In another prospective cohort study, Yamane et al (17) assessed the diagnostic utility of anti-CCP in 435 patients seen with arthritic symptoms over a 3-year period, 209 in whom RA was diagnosed. These authors compared numerous permutations of anti-CCP, RF, CRP, and the presence of swollen joints as means of diagnosing RA, using clinician diagnosis as the gold standard. They also examined the variability in diagnostic performance by length of symptoms, with particular emphasis on patients with symptom duration of less than 3 months. The specificity of anti-CCP testing alone was highest in patients with symptoms for less than 3 months (95.4%; 95% CI, 91.4 to 99.3), with a correspondingly high positive predictive value of 87.8%. Therefore, the authors concluded that for this patient population, a positive anti-CCP by itself is sufficient to confirm a diagnosis of RA. The combination of anti-CCP with other clinical and lab markers resulted in a diagnostic algorithm that had a high specificity, ranging from 90.7 to 98.7 and a low sensitivity, ranging from 19.4 to 65.6. None of the tested combinations were clearly superior to the others, nor were they demonstrably superior to the ACR criteria.

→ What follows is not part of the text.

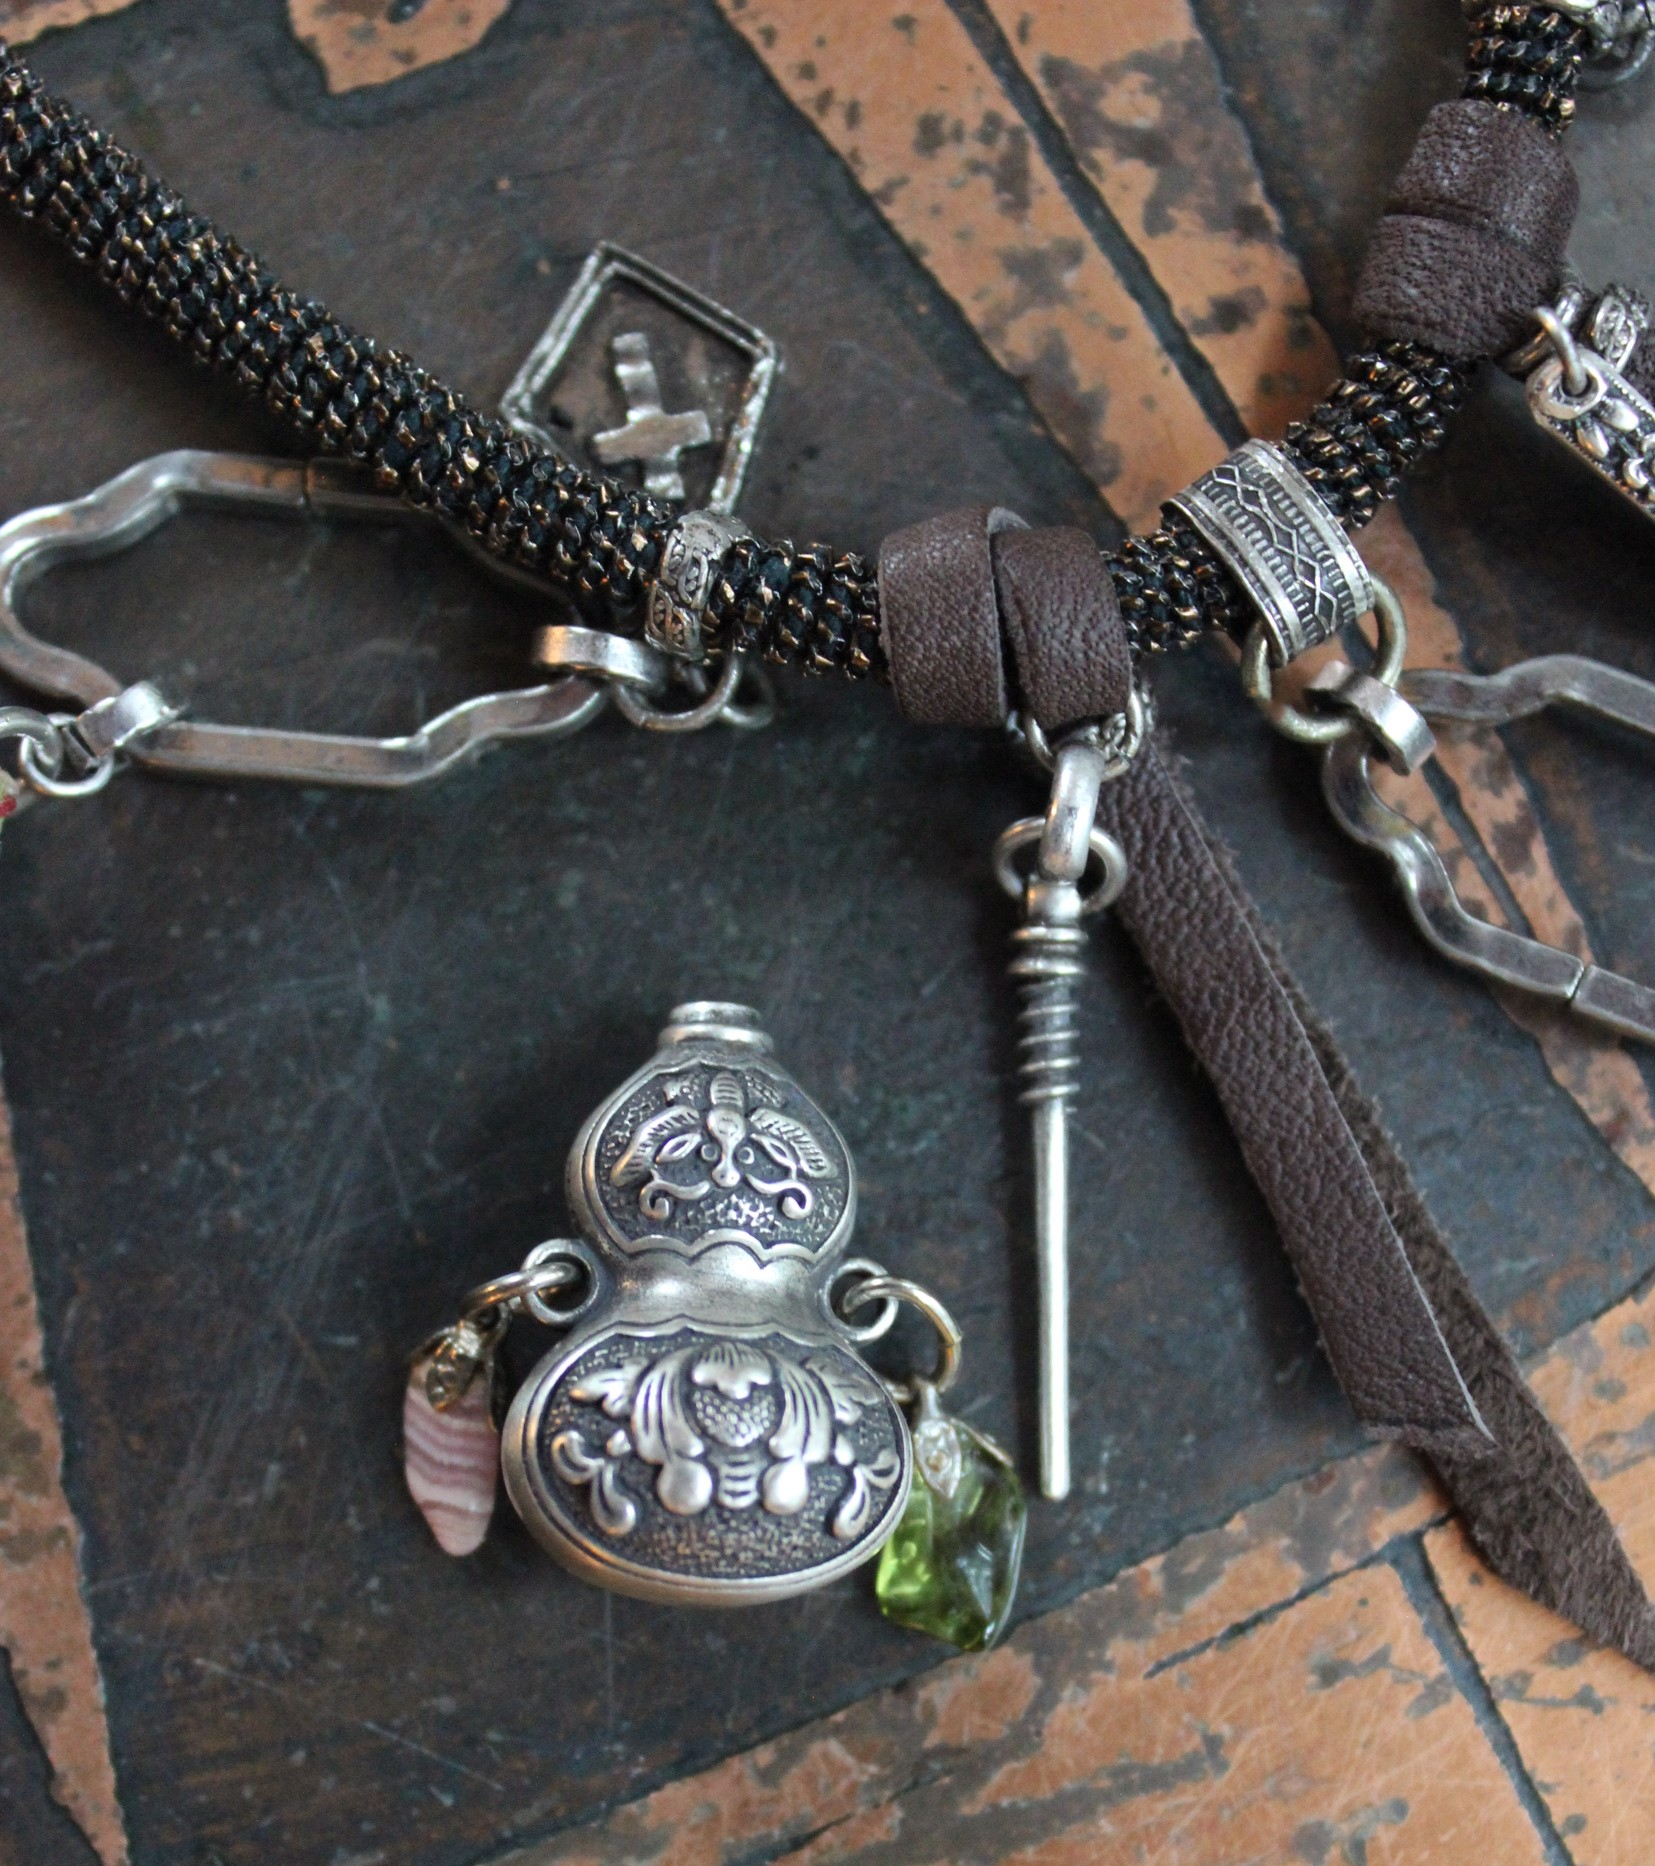 The Awakening Necklace with Antique Kuchi Gypsy Tassels,Sterling Engraved The Judgment Tarot Medal,Sterling Oil Vessel,Antique Sterling Talon & More!

Some studies have reported higher sensitivities associated with more recent assays of anti-CCP. These have included third-generation anti-CCP tests, as well as variants of anti-CCP autoantibodies such as mutated citrullinated vimentin (MCV). Wagner et al, (18) as well as other researchers, have reported that measurement of anti-MCV improves the sensitivity of anti-CCP testing. In 193 patients with RA, sensitivity of anti-MCV testing was 71%. Shidara et al (19) reported sensitivities of 88.7% and 89.5% associated with kits for anti-CCP2 and anti-CCP3, respectively. Ryu et al reported a sensitivity of 85% for anti-CCP2 by ELISA. (20) Hwang et al (21) reported accuracy of a commercially available automated chemiluminescent immunoassay. The sensitivity and specificity were 76.8% and 95.3%, respectively, with an AUC of 0.90.

Anti-citrullinated peptide antibodies — Testing for ACPA is useful in the diagnostic evaluation of patients for RA . The sensitivity of ACPA assays for RA varies from about 50 to 75 percent, depending upon the assay and study population, while specificity of ACPA for RA is relatively high, usually over 90 percent . Measurement of ACPA is useful in the differential diagnosis of early polyarthritis because of the relatively high specificity for RA of these antibodies.

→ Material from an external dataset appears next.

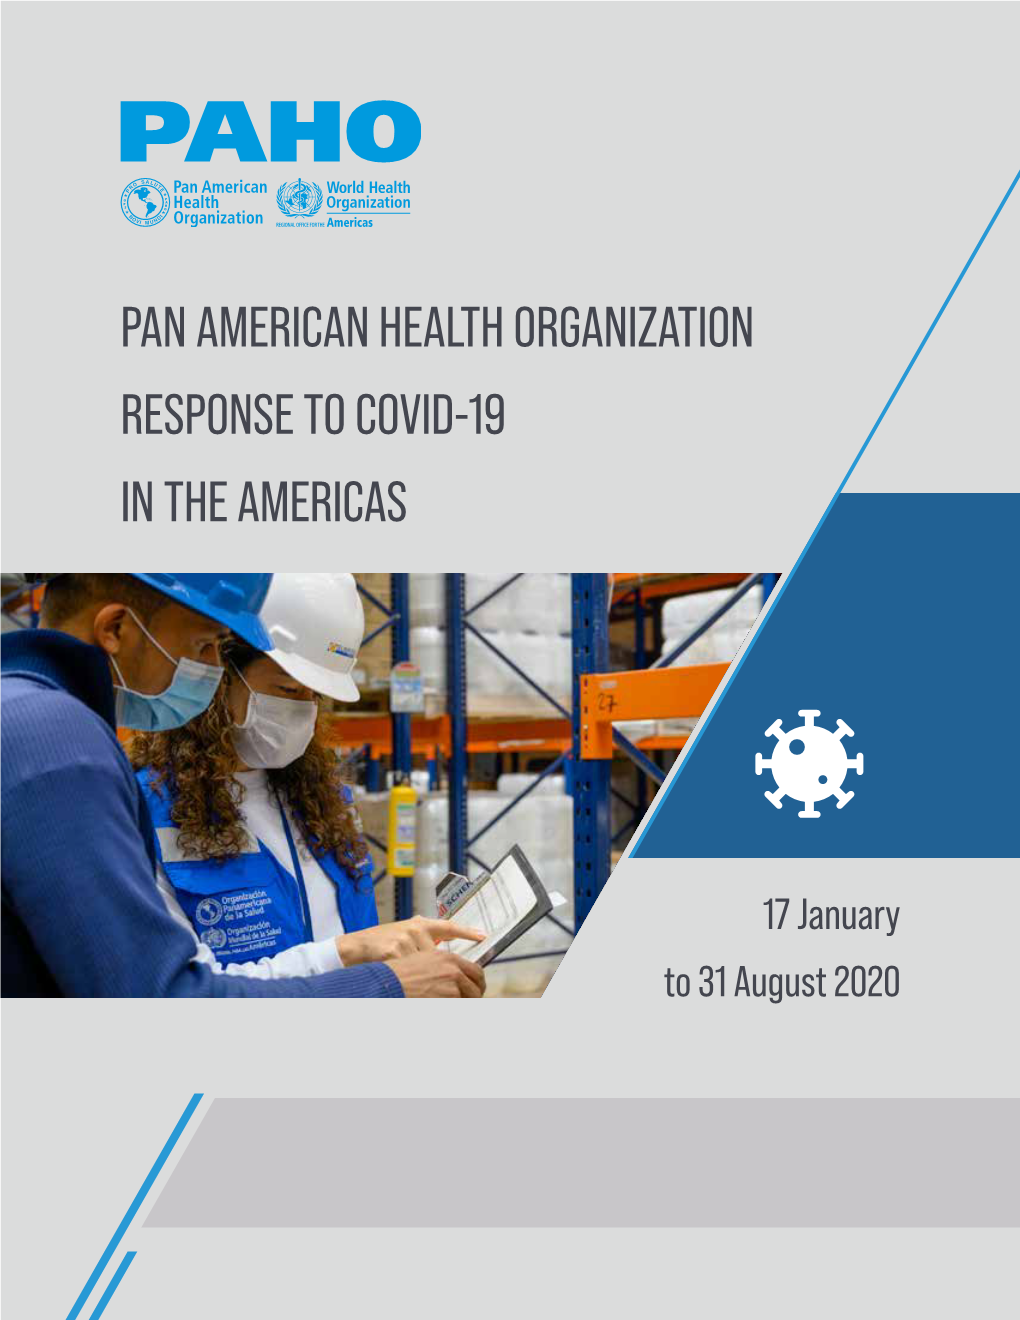 Pan American Health Organization Response to Covid-19 in the Americas

Section Summary. A large body of literature has been published on the diagnostic accuracy of anti-CCP antibodies, including several systematic reviews. These studies establish that anti-CCP has a moderately high sensitivity and a high specificity for the diagnosis of RA. The pooled specificity in the systematic reviews ranged from 90% to 95%. This evidence indicates that anti-CCP can confirm diagnosis of RA in patients with signs and symptoms of RA but who do not meet the clinical criteria for diagnosis. A number of different variants of anti-CCP testing have been identified, and the type of anti-CCP antibodies with the optimal clinical performance is being evaluated.

Population Reference No. 2

Anti-CCP for Monitoring Disease Activity in RA

Some experts have proposed that levels of anti-CCP may serve as a marker of disease severity and/or as a measure of treatment response. Several studies have examined whether the presence of anti-CCP correlates with the severity of future joint erosions. Bongi et al (22) reported that the presence of anti-CCP antibodies was associated with a worse prognosis, as defined by the severity of joint erosions. Raza et al (23) reported similar findings and also that the combination of anti-CCP positivity and anti-rheumatoid factor positivity was associated with the greatest severity of erosive bone lesions. However, in patients with anti-CCP antibodies, there is little or no evidence that the absolute levels of anti-CCP are important prognostic indicators of disease activity or severity of joint erosions.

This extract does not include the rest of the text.